Contractors need to think about covering themselves with insurance more than most other workers as they have left behind the security and perks of permanent employment for larger companies. The cover that comes with that permanent employment package should not be underestimated, which is why it is essential from the outset that contractors get all their insurance sorted out. Most contractors will rightly invest in the big three insurance types, public liability, professional indemnity and employer’s liability insurance. However, because contractors do not get sick pay and sick leave like workers employed by companies, there is another type of insurance that might be worth considering – income protection insurance. Income protection insurance (or Permanent Health Insurance) is a type of insurance that protects you if a situation arises in which you cannot work for any period of time by giving you a replacement income for that period. In purchasing income protection insurance you are essentially purchasing peace of mind that you won’t fall behind with your mortgage or loans or face a drop in your current lifestyle if a rainy day comes along unexpectedly.
Ok, So How Does Income Protection Insurance Work?
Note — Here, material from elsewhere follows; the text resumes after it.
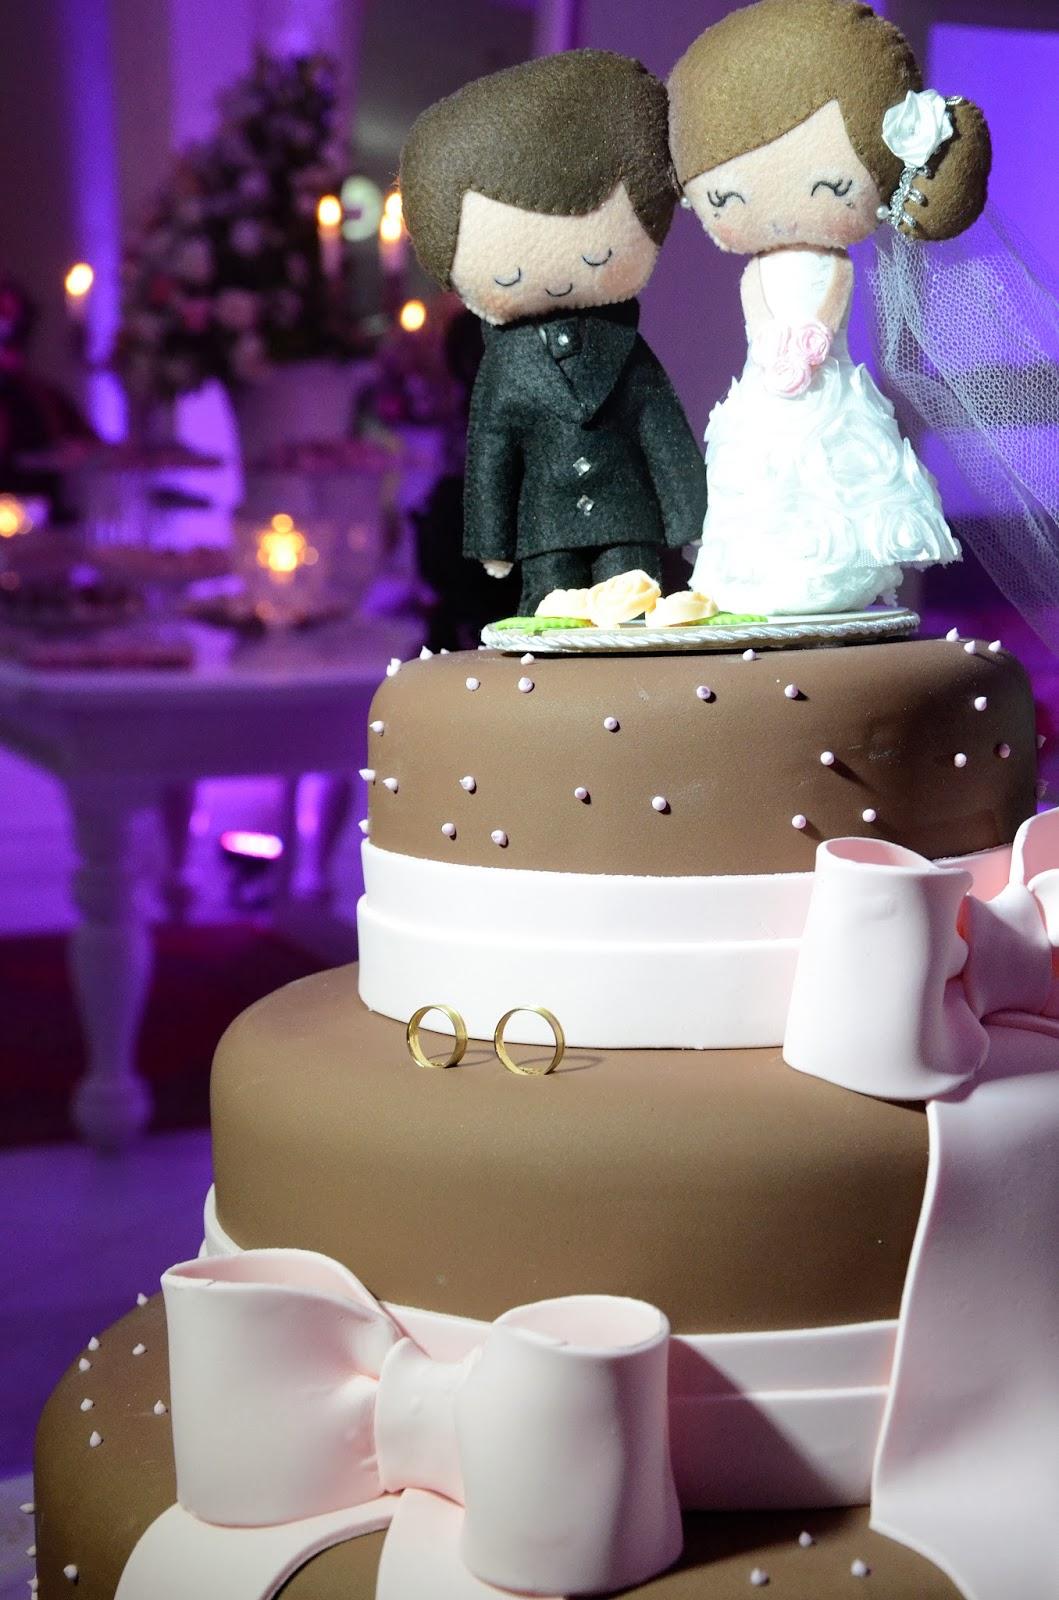 festa - recepção - bolo - bolo de casamento - topo de bolo - alianças - foto das alinaças - bolo marrom e rosa - bolo laço - topo de bolo fofo

It’s actually very simple. You, as the contractor, take out an insurance policy with a specialist contractor Permanent Health Insurance provider and they agree to pay you a percentage of any lost income if you have an accident that puts you out of work or you cannot work due to ill health. How much that policy costs will depend on the deferred period (the waiting period) you have selected. The deferred period is the length of time that you have to wait while out of work before the policy starts to pay out. Normally, this period will be anything between a month and a year. It is up to you to decide how much time would work for you but obviously the longer you are able to wait for payment, the lower the premiums on your insurance will be. If you opt for the shortest period – 1 month – then you will pay a lot more in premiums but of course you would also be covered a lot quicker in cases of injury or short term illness. On the other hand, if you were only worried about long term illness and had some savings put by you could pay much cheaper premiums but have to wait between 6 months and a year for payment. Those premiums are paid out of your net pay and if you were to make a claim at any point the replacement income would be paid back to you directly without any added taxation issues.
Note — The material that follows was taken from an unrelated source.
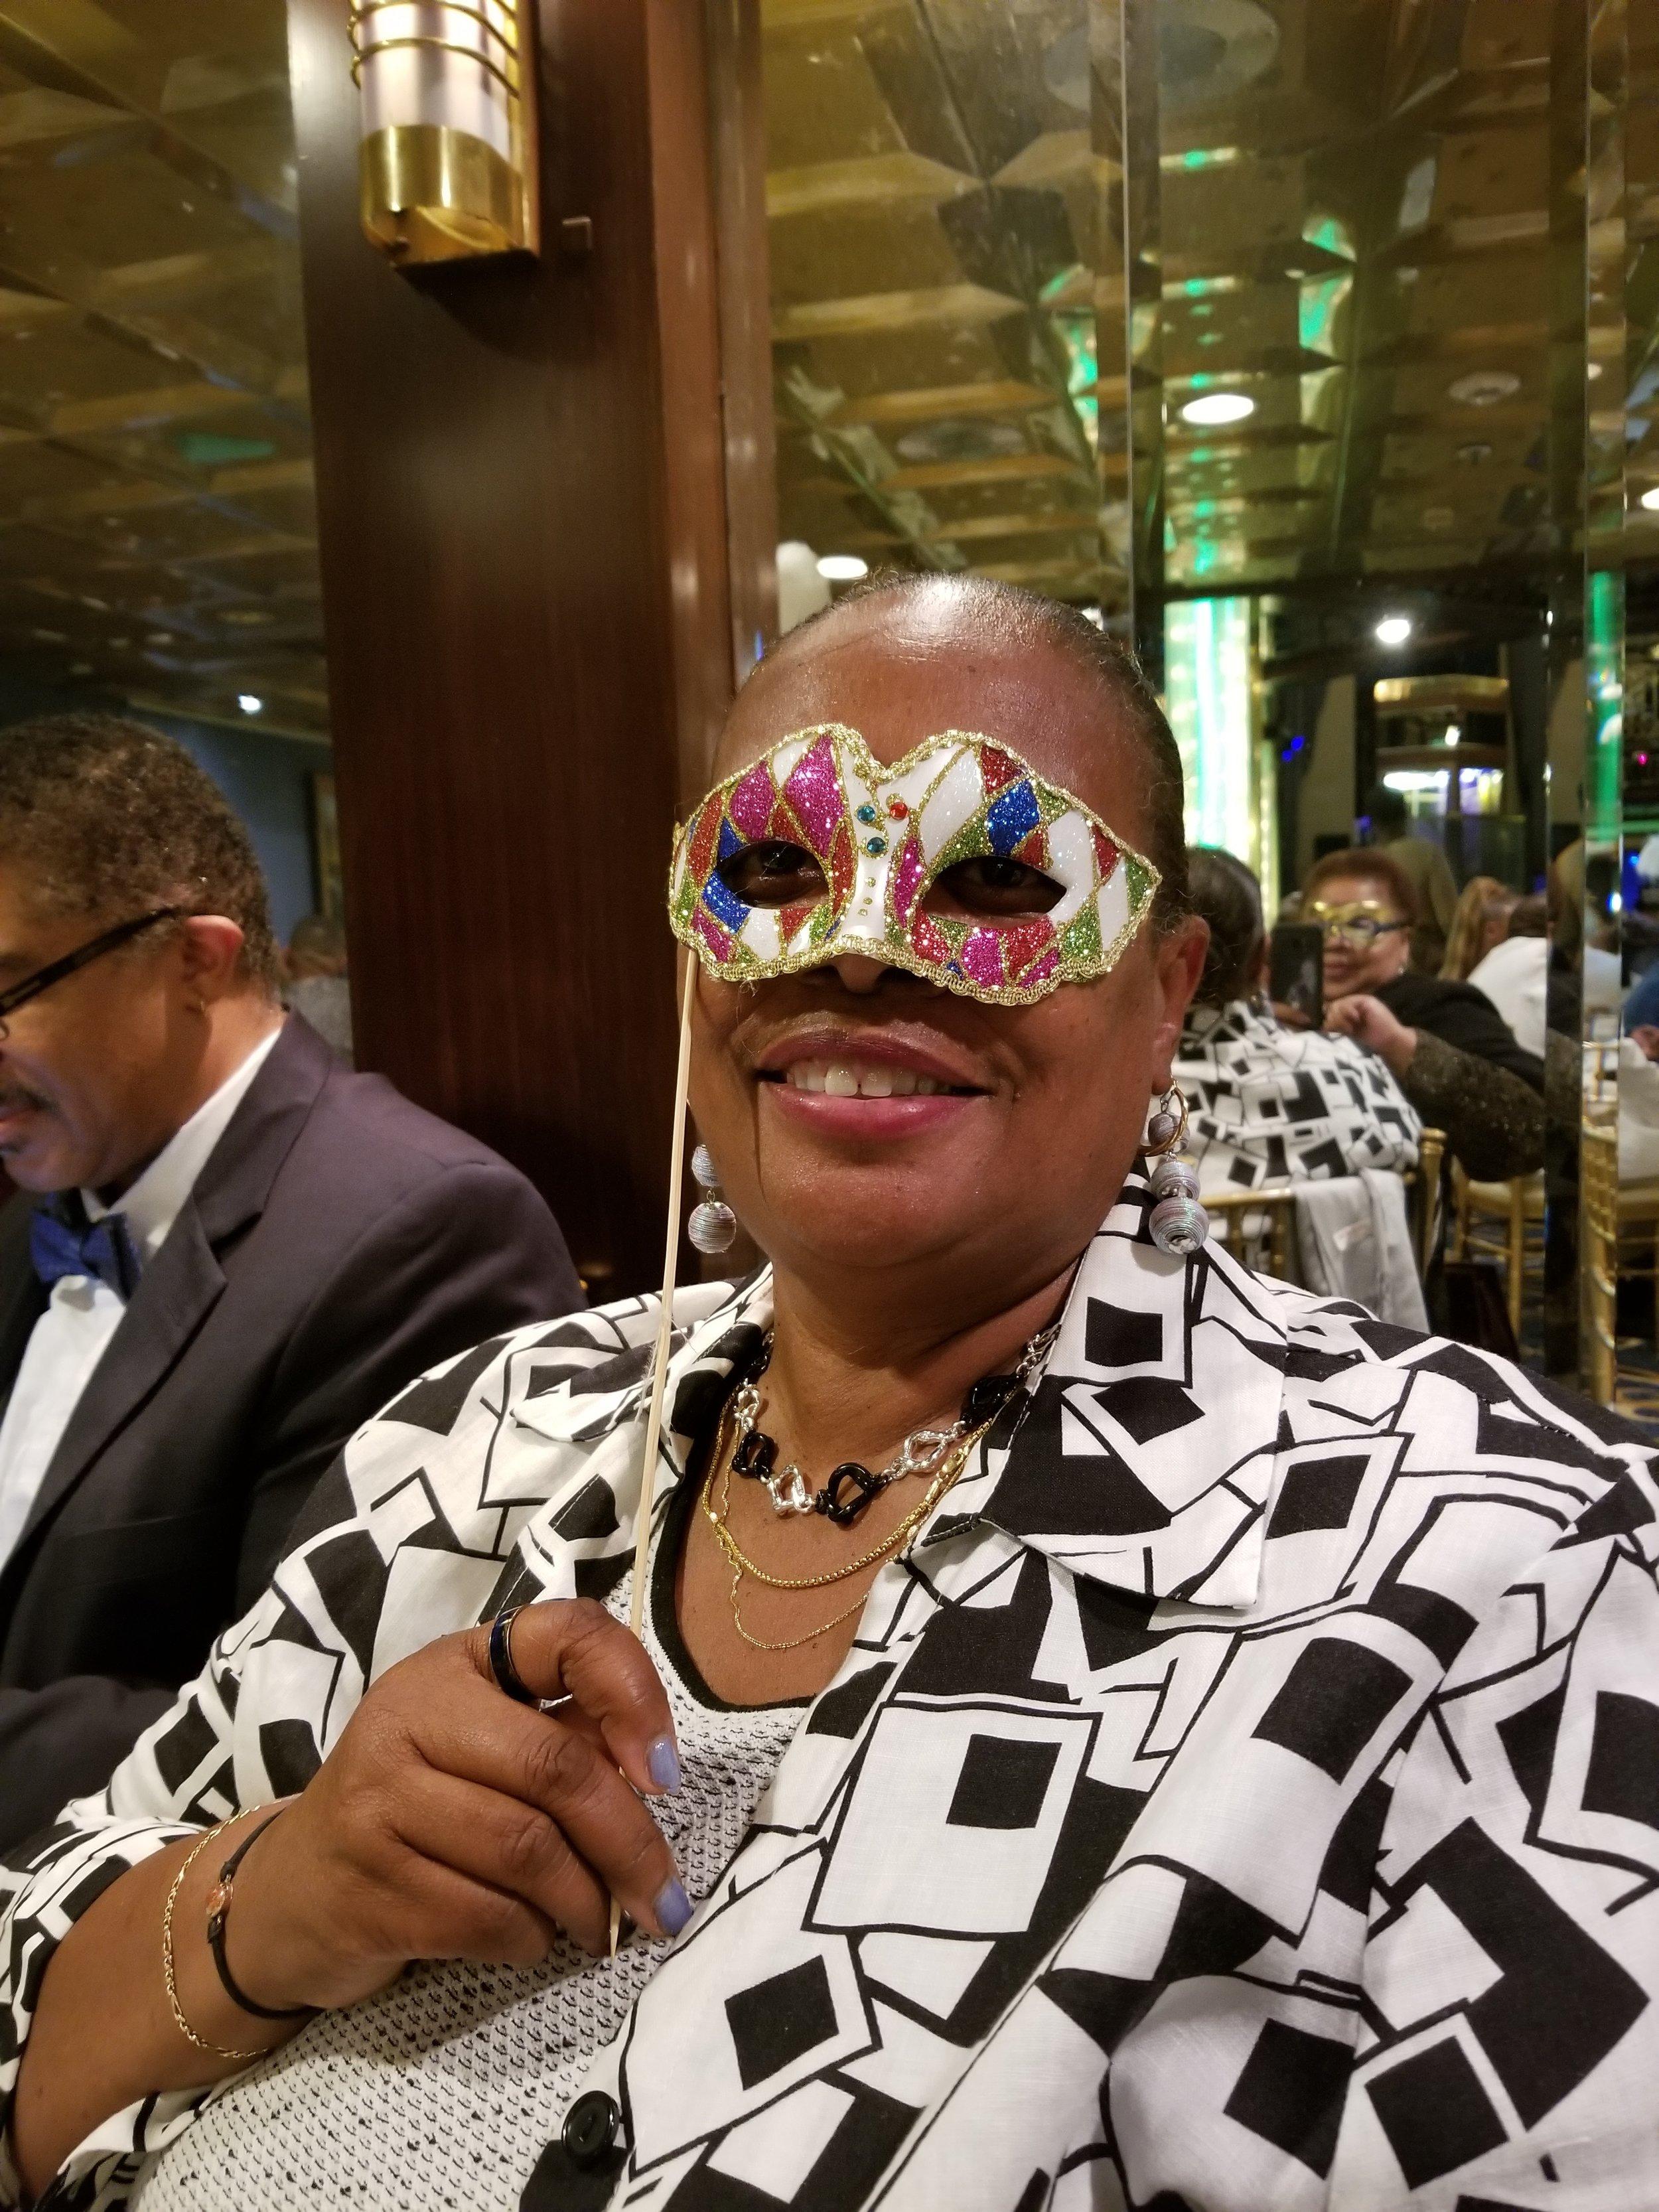 Masks on me at bvsj boatride.jpg

Most permanent health insurers will let you cover yourself for an amount up to 65% of your salary and dividends (gross) and some providers will also include split dividends. As soon as you no longer require cover you can cancel anytime without having to give notice or face penalty charges.
How Do I Choose The Best Income Protection Insurance For Contractors?
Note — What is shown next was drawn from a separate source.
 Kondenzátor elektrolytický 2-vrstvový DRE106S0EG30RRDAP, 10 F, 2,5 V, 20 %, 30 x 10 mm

With hundreds of different providers out there all offering variations on the same sort of policy, how do you find a policy that is exactly right for you?
The first thing you should do is draw up a list of exactly the features you are looking for from your insurance – the preferred length of the deferred period, the amount you want to pay for premiums, how much income you want to cover etc. When you do all of this, make sure you are realistic about how much income you will actually be needing if disaster strikes. As mentioned above, you are normally allowed to protect up to 65% of your current income, but you might decide to protect less than this in order to reduce those premiums. Ask yourself how much you will actually need to live off if the worst happens and you are out of work for a long period. You will also need to check the policy to make sure that the figures they quote you are inflation proofed. Because of how inflation works, what you think you can live off right now will not necessarily be manageable in 7 to 10 years time. If you want to cover yourself against inflation, make sure the policy you join has something called indexation (also known as escalation) which gives you an incremental increase in the amount insured every year. Also, make sure that your policy covers you up till your date of retirement. That’s because if you are seriously injured you might never be able to return back to work so it is prudent to cover yourself all the way until retirement!
Does Income Protection Insurance Cover Dividends?
Next, you want to ensure that the insurance policy you sign up with covers your dividends too. Most likely you will be using a contractor insurance specialist who will know their way around contractor financials and will understand how your income works. Because a large part of most contractors’ income comes through dividends it is obviously essential that these are covered in any policy.
Is Income Protection Insurance Industry Specific?
You also need to check that the policy will cover you against specifically being unable to work in your particular contracting industry. Why? Because a number of policies will only pay out if you are not able to work in any role, rather than just your contracting role. You absolutely must avoid policies with this clause in them, otherwise, the insurance company could argue that though you cannot work in your contracting role, you could still do some kind of menial labour – and therefore they would not pay you.
Lastly, and most importantly, once you have chosen a company, do your research on them. You need to have confidence that they will do the right thing if you ever need them and not try to wriggle out of it. Before you sign up it is perfectly reasonable to ask the company for some statistics about how often they have paid out in similar circumstances and for instances when they haven’t paid out. Similarly, ask your own financial advisor and your insurance broker what they can tell you about the company and if they have had any experience with them in the past and do your own research on the internet to see how other contractors have reviewed them.